## [WHAT NEEDS TO BE DONE]
The lines from the one containing "Die Vokalsolisten der" through the last line below, both ends included, must be reproduced exactly, with no pictures.

## [AVAILABLE DATA]
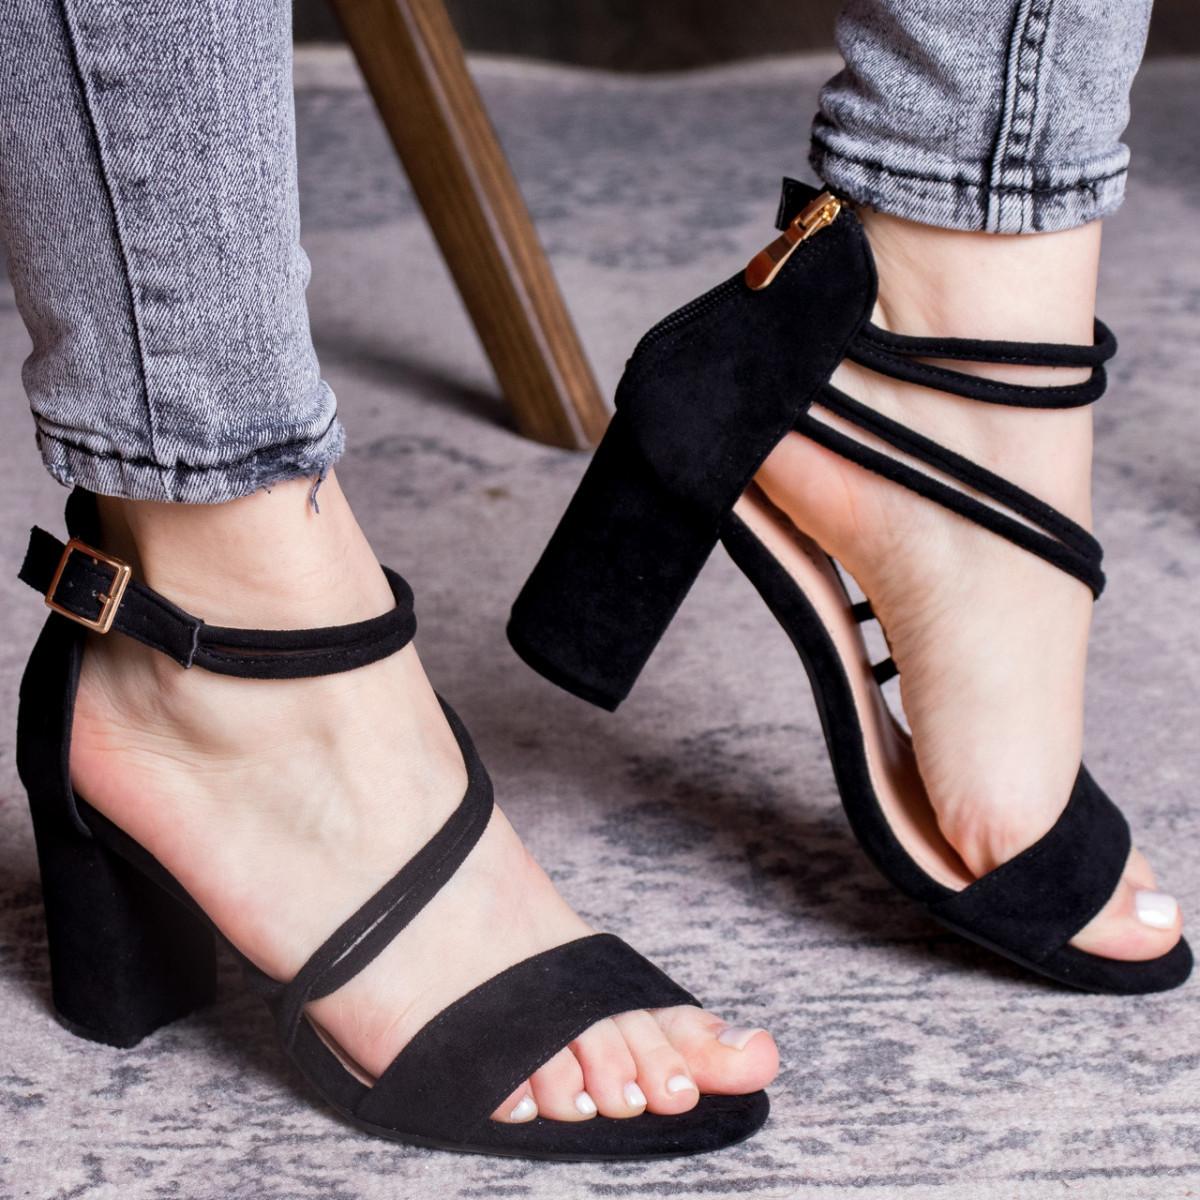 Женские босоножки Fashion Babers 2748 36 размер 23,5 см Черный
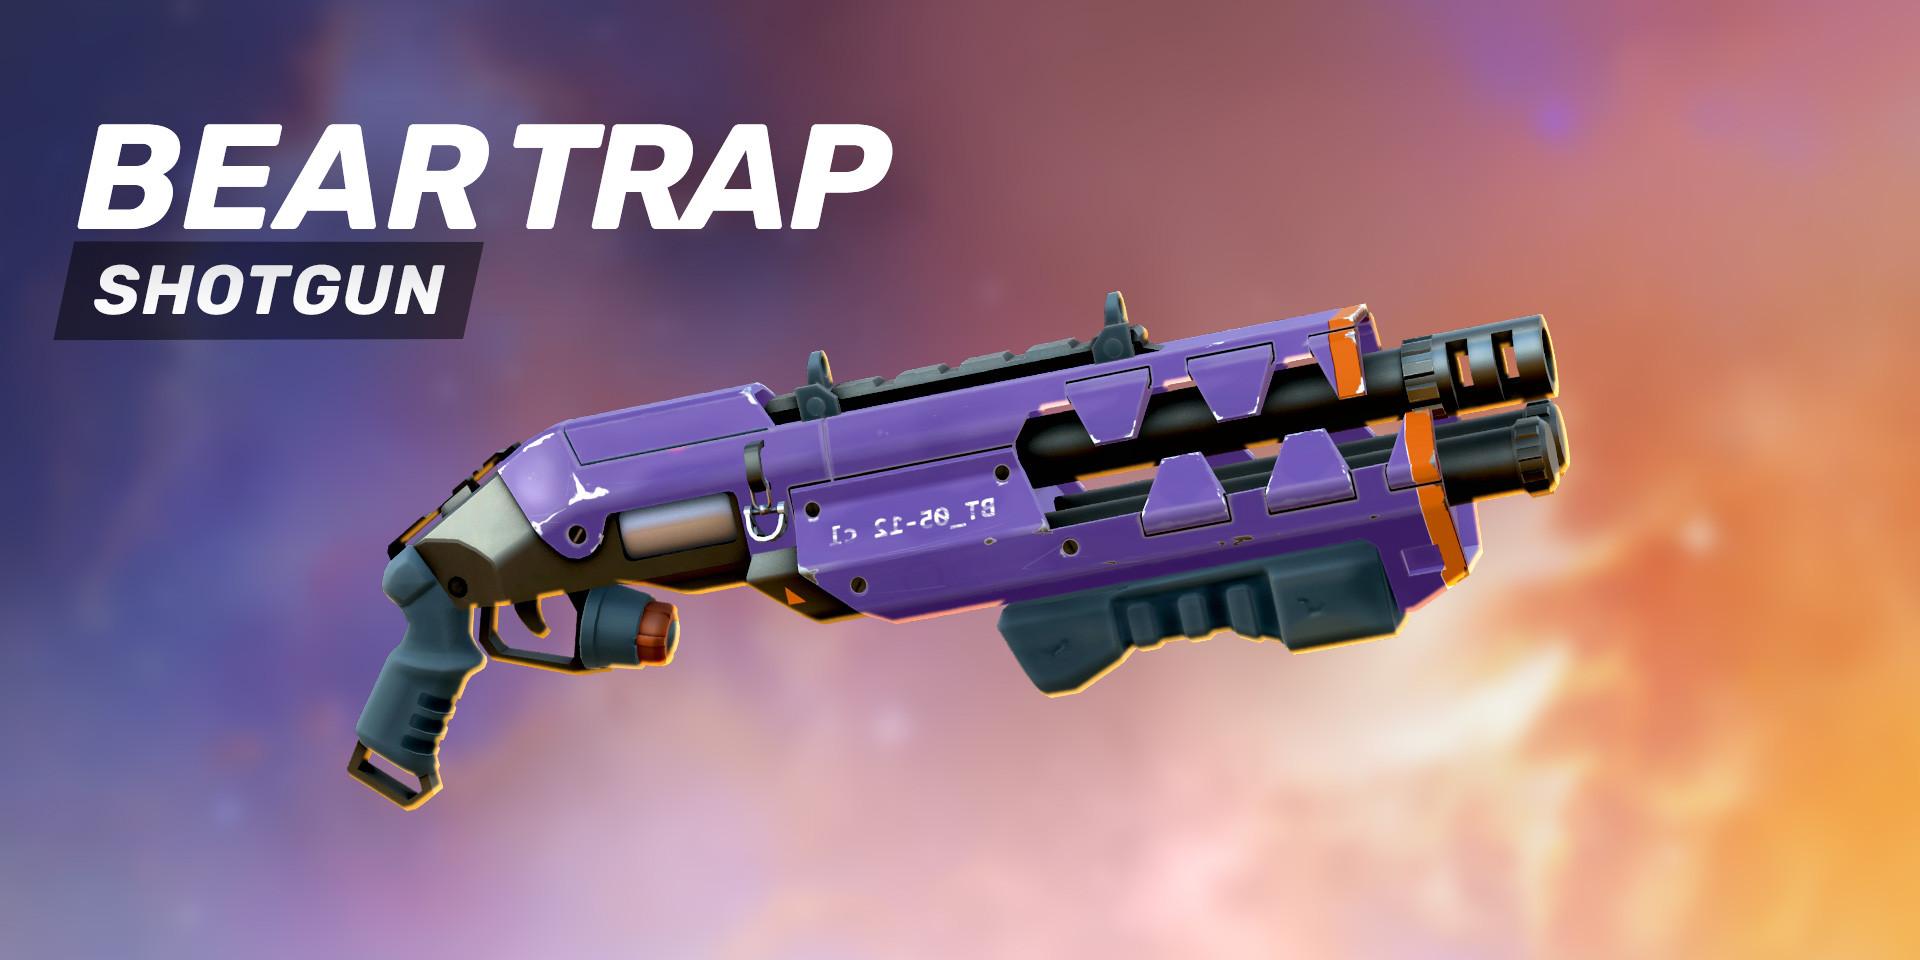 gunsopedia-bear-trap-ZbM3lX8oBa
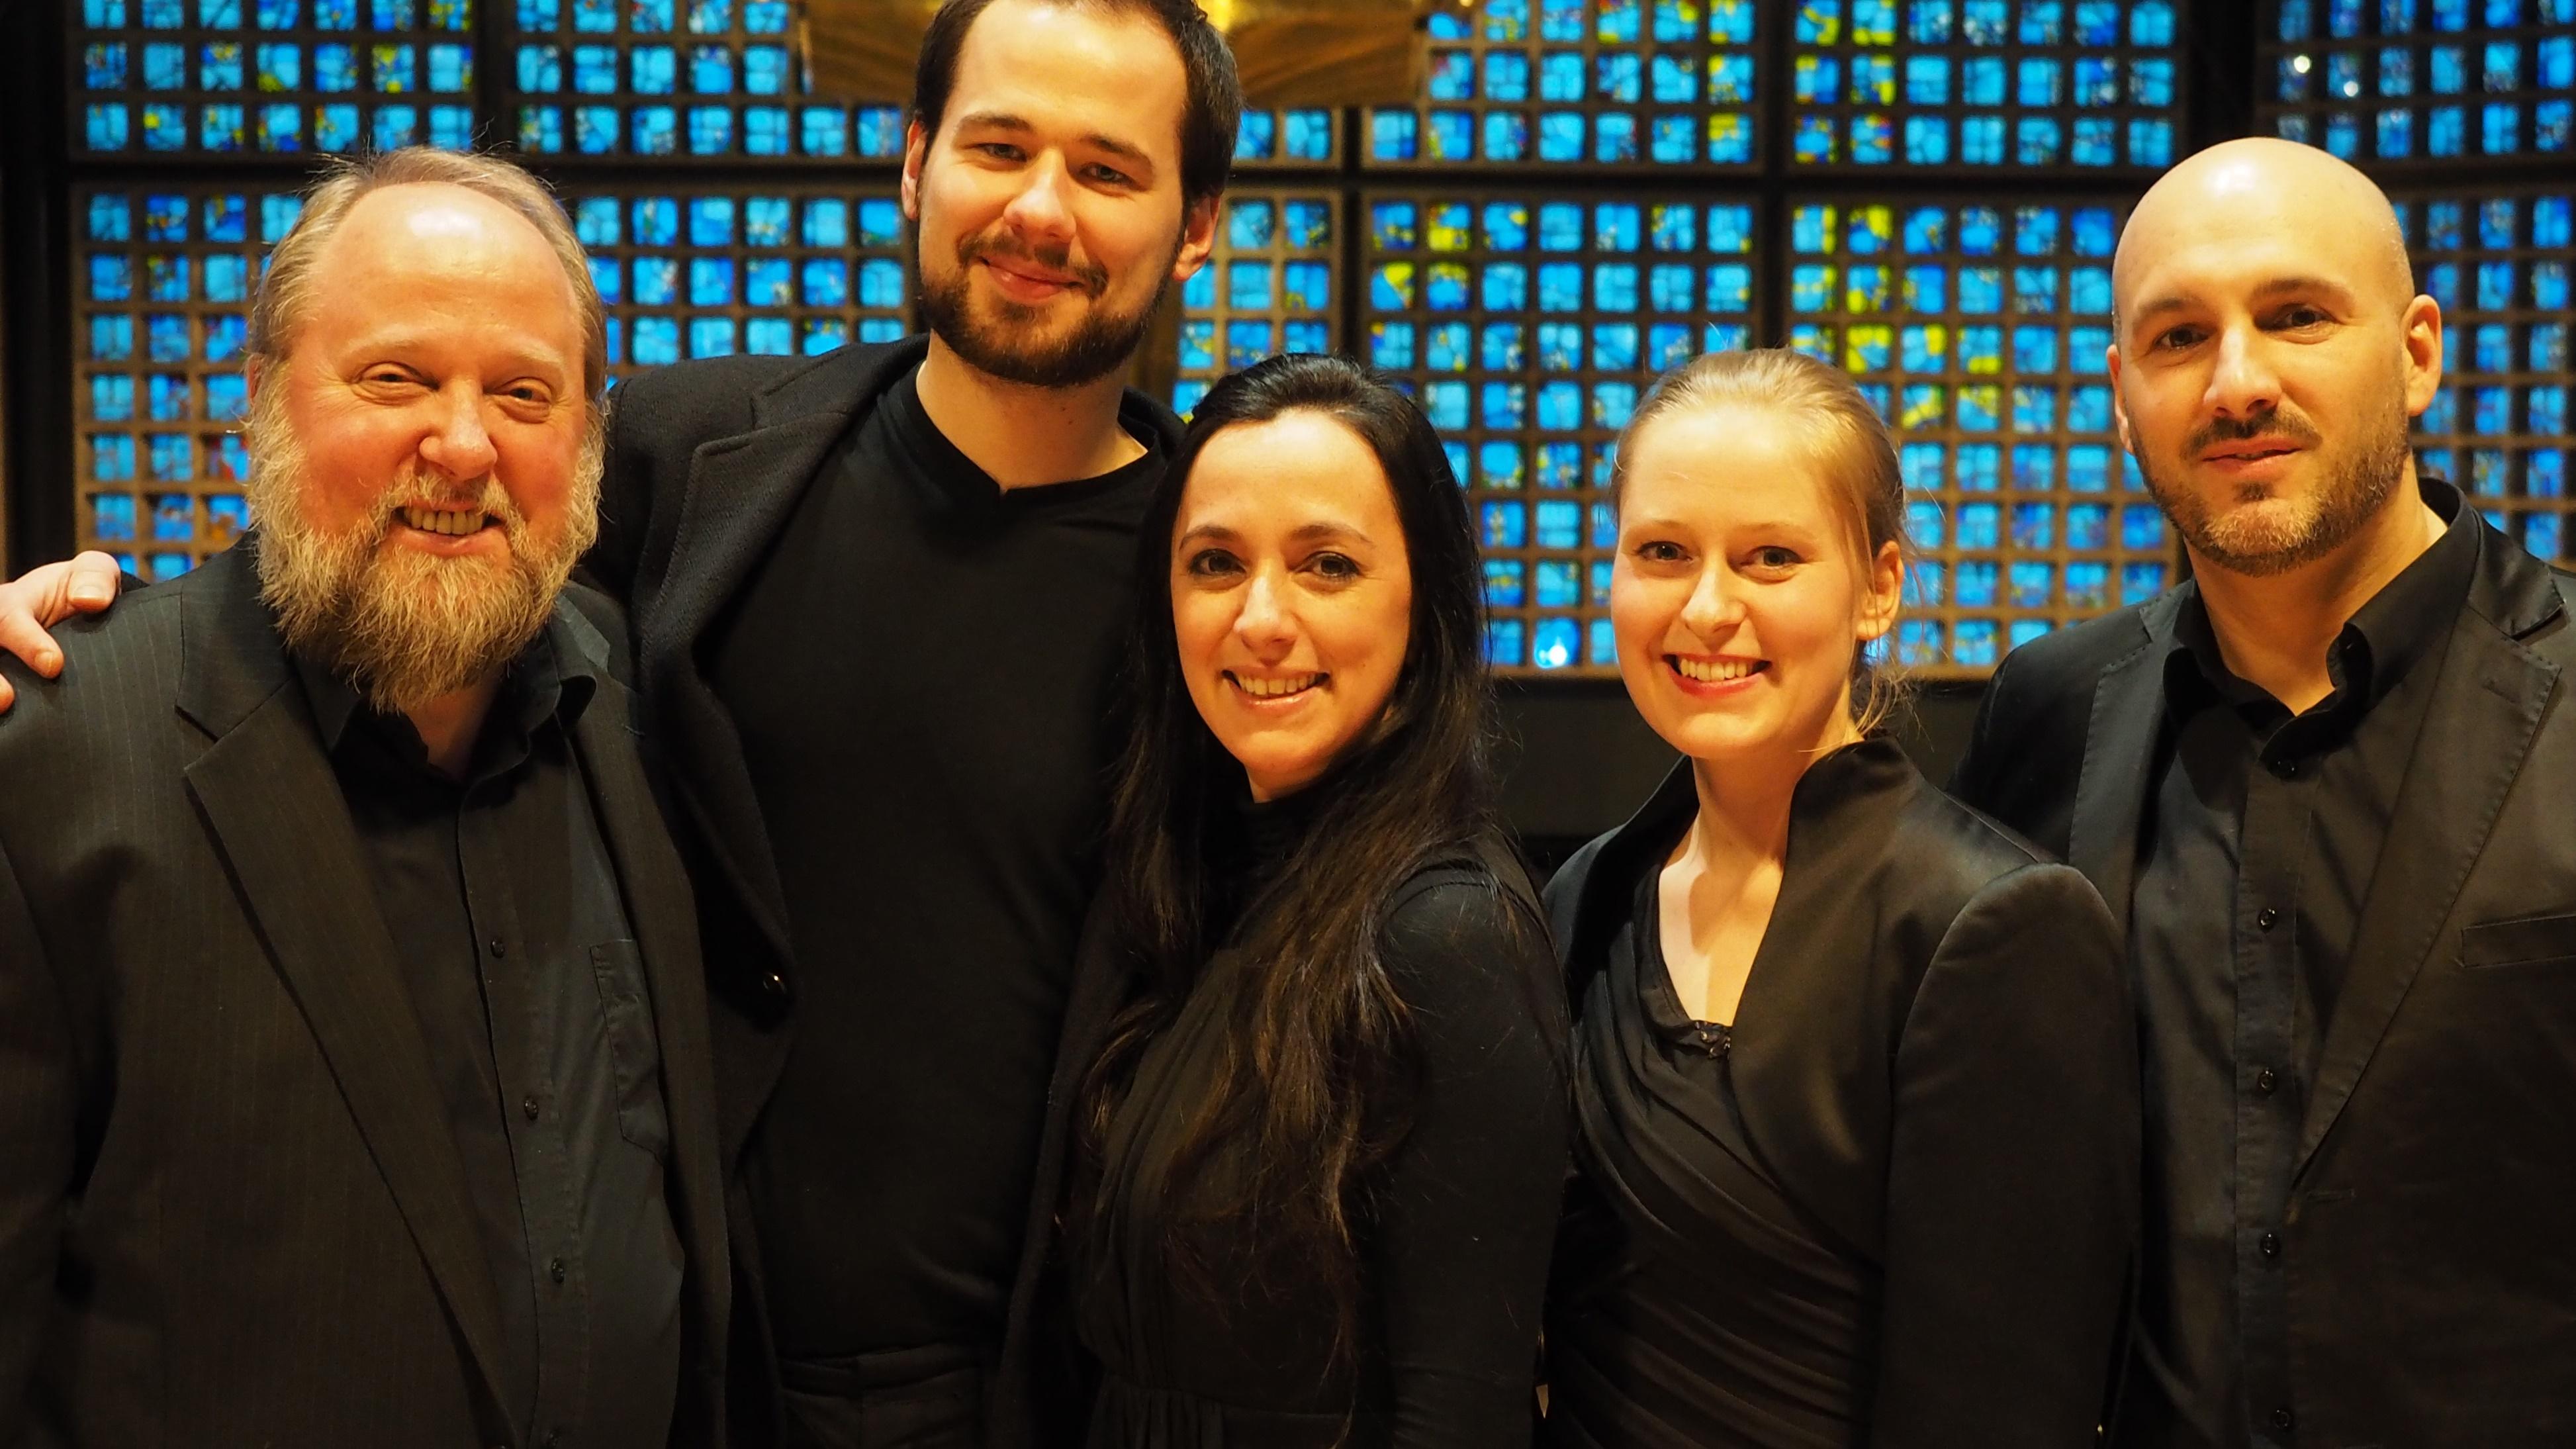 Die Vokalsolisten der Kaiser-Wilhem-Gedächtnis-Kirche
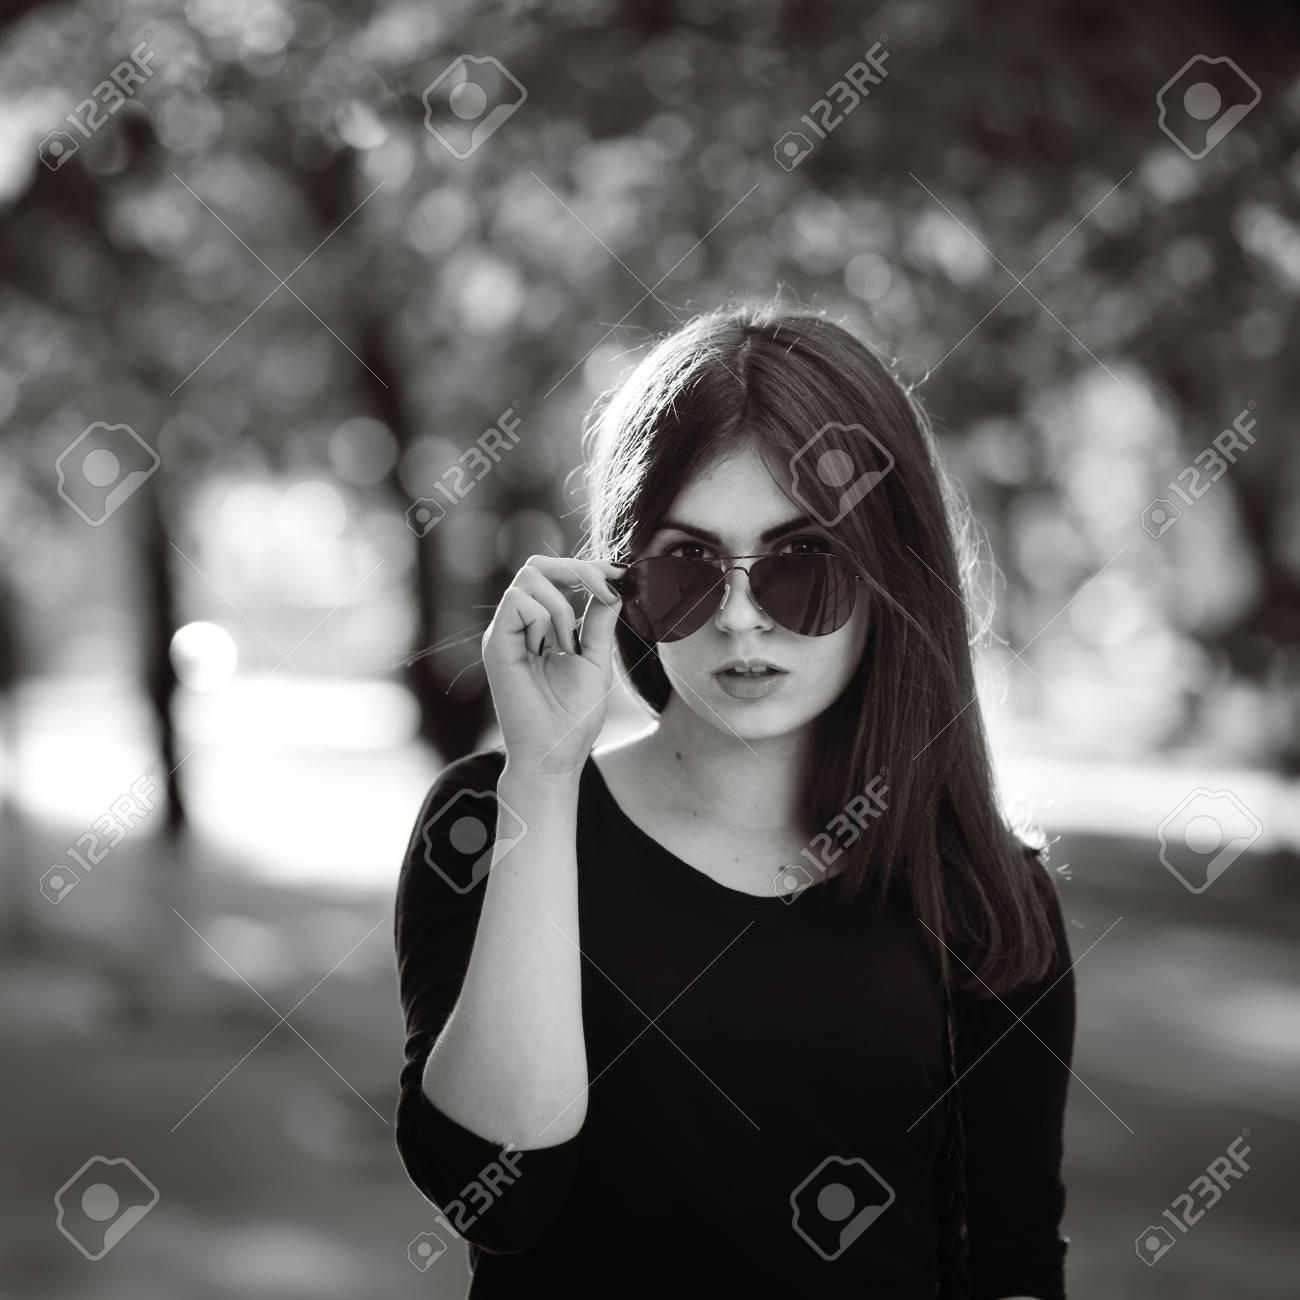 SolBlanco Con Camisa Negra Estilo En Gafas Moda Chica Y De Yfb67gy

## [RESPONSE BOX]
 Die Vokalsolisten der Kaiser-Wilhem-Gedächtnis-Kirche
 SolBlanco Con Camisa Negra Estilo En Gafas Moda Chica Y De Yfb67gy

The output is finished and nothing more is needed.